La primera vez que hice los baci solo conseguí una especie de galletas planas y muy ricas, pero mi ánimo bajó con la misma velocidad con la que las canicas de pasta se deshicieron en el horno. Esta vez cambié un par de cosas y conseguí la forma deseada, utilicé harina de fuerza en lugar de harina de repostería y modifiqué la proporción de mantequilla y harina. Indagando sobre las harinas encontré un tutorial muy interesante en el blog La cocina de Myri .


Elaboración:


Batimos en un bol el azúcar glas con la mantequilla hasta que conseguir ese punto en el que empieza a espumar. Añadimos la yema de huevo, la pizca de sal y mezclamos bien. Podemos usar harina de avellana pero si trituramos nosotros la avellana (con el triturador que viene con las batidoras) conseguimos una harina que conserva el aceite del fruto seco y un mayor sabor. Añadimos las avellanas trituradas y mezclamos. Poco a poco, sin dejar de remover, añadimos la harina tamizada. El resultado es una masa blanda, un poco grasa, olorosa. Cubrimos con film transparente y dejamos reposar en la nevera. Estas masas con mantequilla no conviene trabajarlas demasiado, una hora en la nevera hará que recuperé un poco de consistencia.
Recuperamos la masa y hacemos unas bolitas pequeñas que colocamos en la bandeja del horno. Horneamos a 150º unos 20 minutos. Dejamos enfríar y fundimos el chocolate que utilizaremos para unir las mitades.

viernes, 12 de agosto de 2011

Aperitivo de bacalao ahumado, Afuega'l Pitu y mermelada de tomate y menta.



- No sé qué decirte. Me gusta ese verso porque me da ánimos, pero es posible que no lo comprenda y también es posible que no sea cierto. Algunos le dan la vuelta, de manera que no es la verdad que la que les hace libres sino la libertad la que provoca la verdad. (...)
Luego Christiane organizó los preparativos para el desayuno: comprar los panecillos, moler y hacer el café; disponer el jamón en el plato y el queso en la tabla. (...)

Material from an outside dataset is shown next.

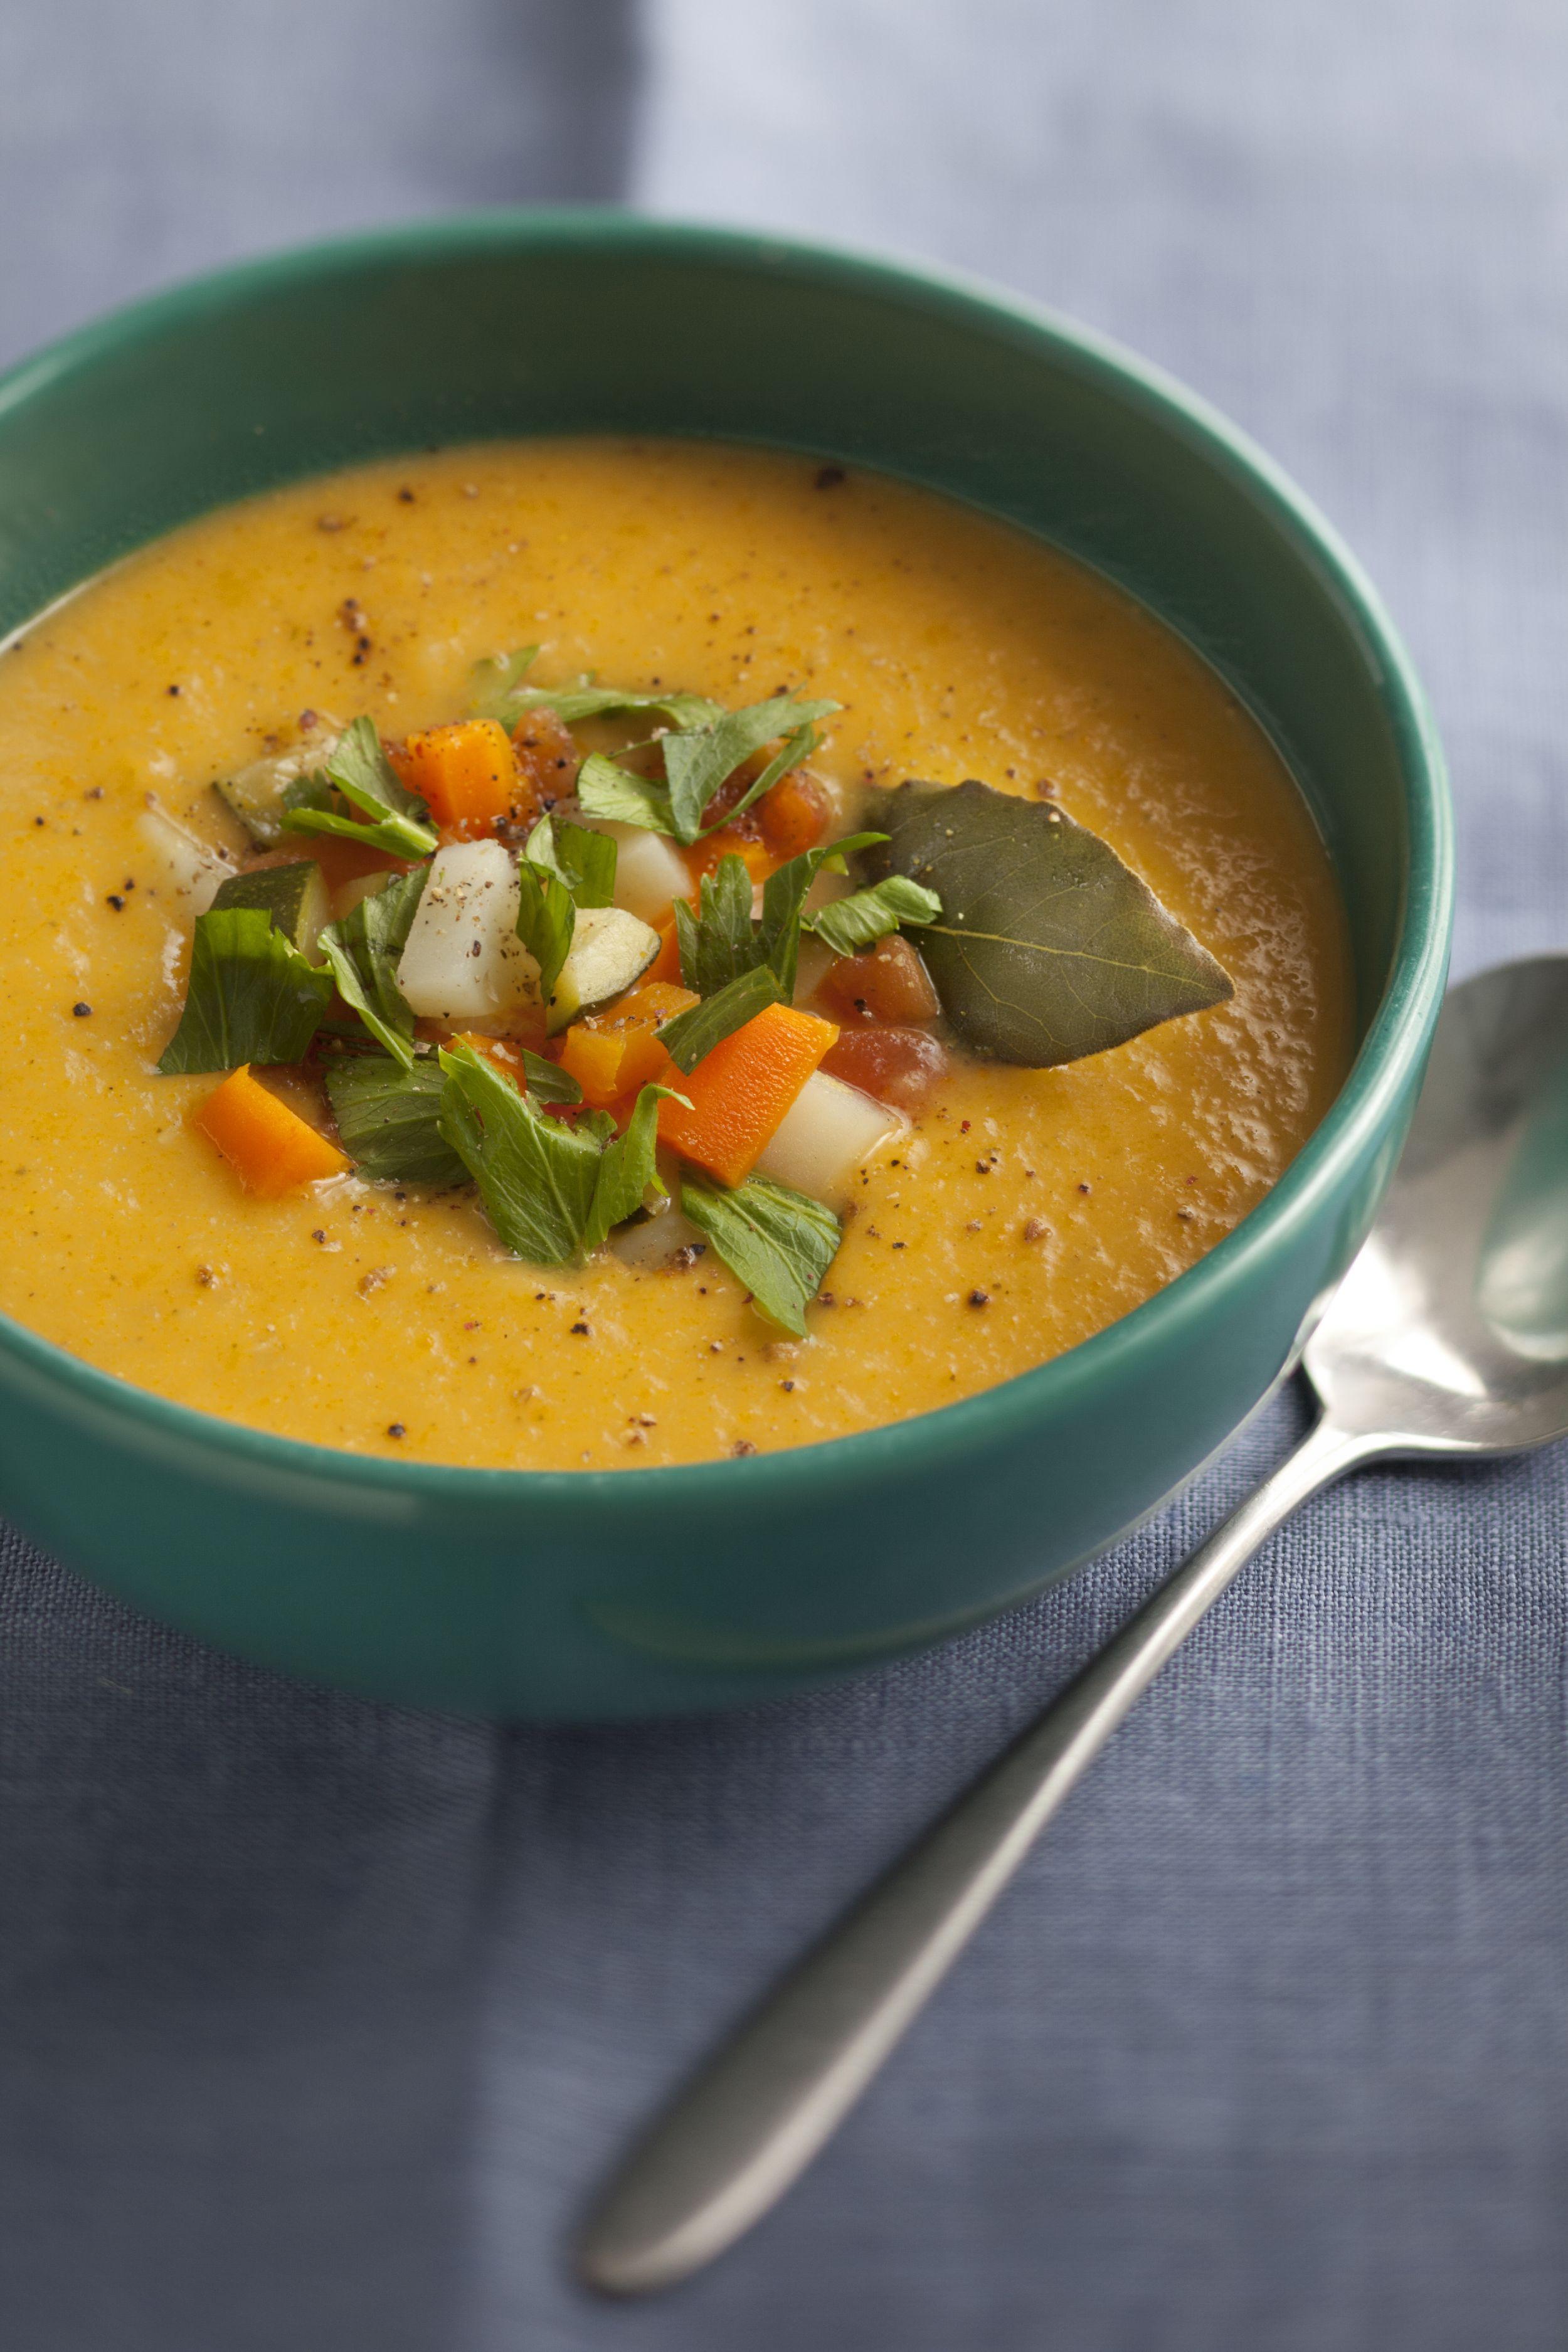 Soupe Poireau Carotte Pomme De Terre : soupe, poireau, carotte, pomme, terre, Soupe, Pomme, Terre, Poireaux, Carottes, Délicieuses, Recettes

B. Schlink, El fin de semana.





Han pasado muchos años desde que no se ven, la salida de uno de ellos la cárcel provoca el reencuentro, un fin de semana por delante y una casa en el campo para comer, trasnochar, desayunar juntos y hacer cuentas con el pasado. Al final los años de facultad non son sino el punto de partida, pero también pueden convertirse en un punto de eterno retorno.
Por suerte para nosotros es mucho más fácil, arriesgando hasta el último momento conseguimos juntarnos sin que la nostalgia se convierta en un nudo que apriete demasiado fuerte. Los cafés y la tarta de chocolate del 13, los pinchos de la cafetería de la facultad, las sidras a destiempo, las traducciones de latín, los novelones del XIX, des-cuentos y otros cuentos, tardes de radio... Para Andrea, Carlillos, Carmen, Emma, Jose, Luisito, Luisda, Miguel, Pablín...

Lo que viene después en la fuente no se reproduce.